The Ferranti Atlas computer, introduced in 1960, was the very first machine to support paged address translation, and the MMU scheme it used was remarkably close to a TLB based scheme, although the MMU on the Atlas was actually implemented in a distributed manner, distributed over all of the physical memory modules of the machine.

Each entry in the TLB of a typical moder machine has the following form:

Cache Entry
   _______________________________
  |____________|__________________|
	| Page         | Page Table
	| Number       | Entry
	|              | 
   Subject to     Returned by
   Associative    Successful
   Search         Search

In its simplest form, the associative search involved in searching the cache involves a simple parallel comparison of the page number in each cache entry with the page number issued by the CPU. This can be done very quickly with appropriate hardware. Cache hardware to support fully associative searches is expensive, but the alternatives are the subject of an architecture course and are will not be discussed here.

If the cache size is the same as the number of page frames in main memory, a cache miss signals a page fault, and the software can be put in charge of replacing the cache entry as it replaces the page in the page frame. This is what was done on the Atlas. This approach results in the simplest possible cache hardware, since the hardware need not manage cache misses and replacement. Several modern RISC processors use variations on this simple model, but most MMU designs from the 1970's and early 1980's (including that of the Pentium) rest on hardware cache management.

The Page-Fault Trap Service Routine

The page-fault trap service routine gains control when the MMU detects an attempt to use a page-table entry that is invalid or an attempt to perform an operation that is not permitted by the access-control bits in the page-table entry.

A trap is very similar to an interrupt. The traditional distinction is that interrupts are caused by asynchronous events, while traps are caused by the actions of the CPU. Other traps include such things as arithmetic exception traps (caused by the values of operands to arithmetic instructions), and bus-fault traps (caused by attempts to access physical addresses to which no physical memory is attached).

On some machines, there is an additional convention -- When an interrupt is requested, the current instruction is allowed to complete before the PC is saved and the interrupt service routine is entered. When a trap occurs, the current instruction is aborted and the trap service routine is entered directly.

For it to be possible to serve a page fault, the instruction must be aborted before it has any side effects, or (as was done on the DEC PDP-11) all side effects must be recorded so that they can be undone by the trap service routine prior to any attempt to restart the instruction.

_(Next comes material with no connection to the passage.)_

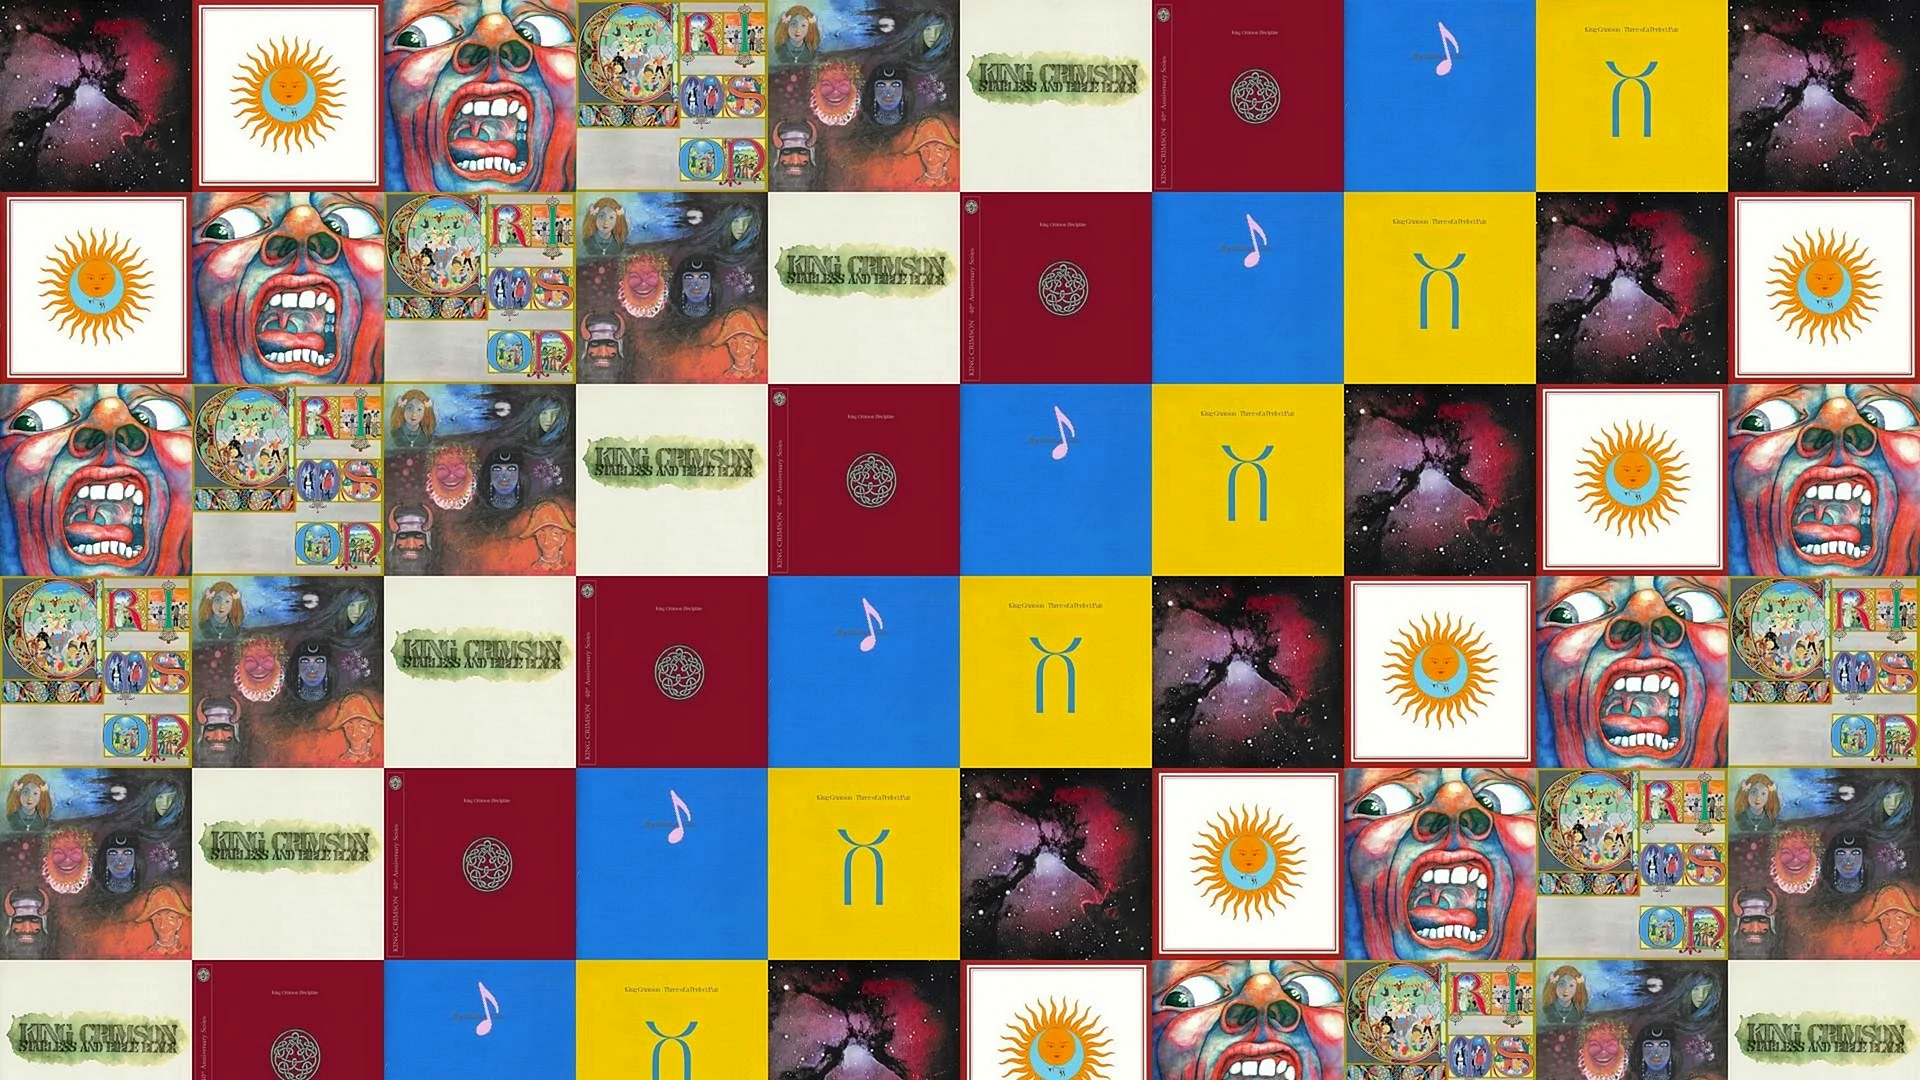 King Crimson Wallpaper

The exception to the above rule is on machines such as the Intel 80x86 family, where some instructions are designed to be interruptable -- typically, this applies to block copy instructions. These instructions, if interrupted, save their state in CPU registers in such a way that they can be restarted from the point of interruption instead of restarting from the beginning.

The memory management unit hardware requests a page-fault trap when an untranslatable virtual address is encountered. The response to this trap is entirely under the control of the operating system software, specifically the page fault trap service routine.

For all interrupt and trap service routines, the hardware and software cooperate to save the program counter and other key registers as control is transferred to the trap service routine. The details of how this is done vary considerably from machine to machine. On completion of the entry to the page-fault trap service routine, the saved PC is the address of the instruction that caused the trap.

Before return, the trap service routine must adjust the page table so that re-executing the instruction that caused the trap will not cause the same page fault. On return, the state of the CPU is returned exactly as it was prior to executing the instruction that caused the trap. As a result, from the perspective of the program, it will be as if there was no page fault trap!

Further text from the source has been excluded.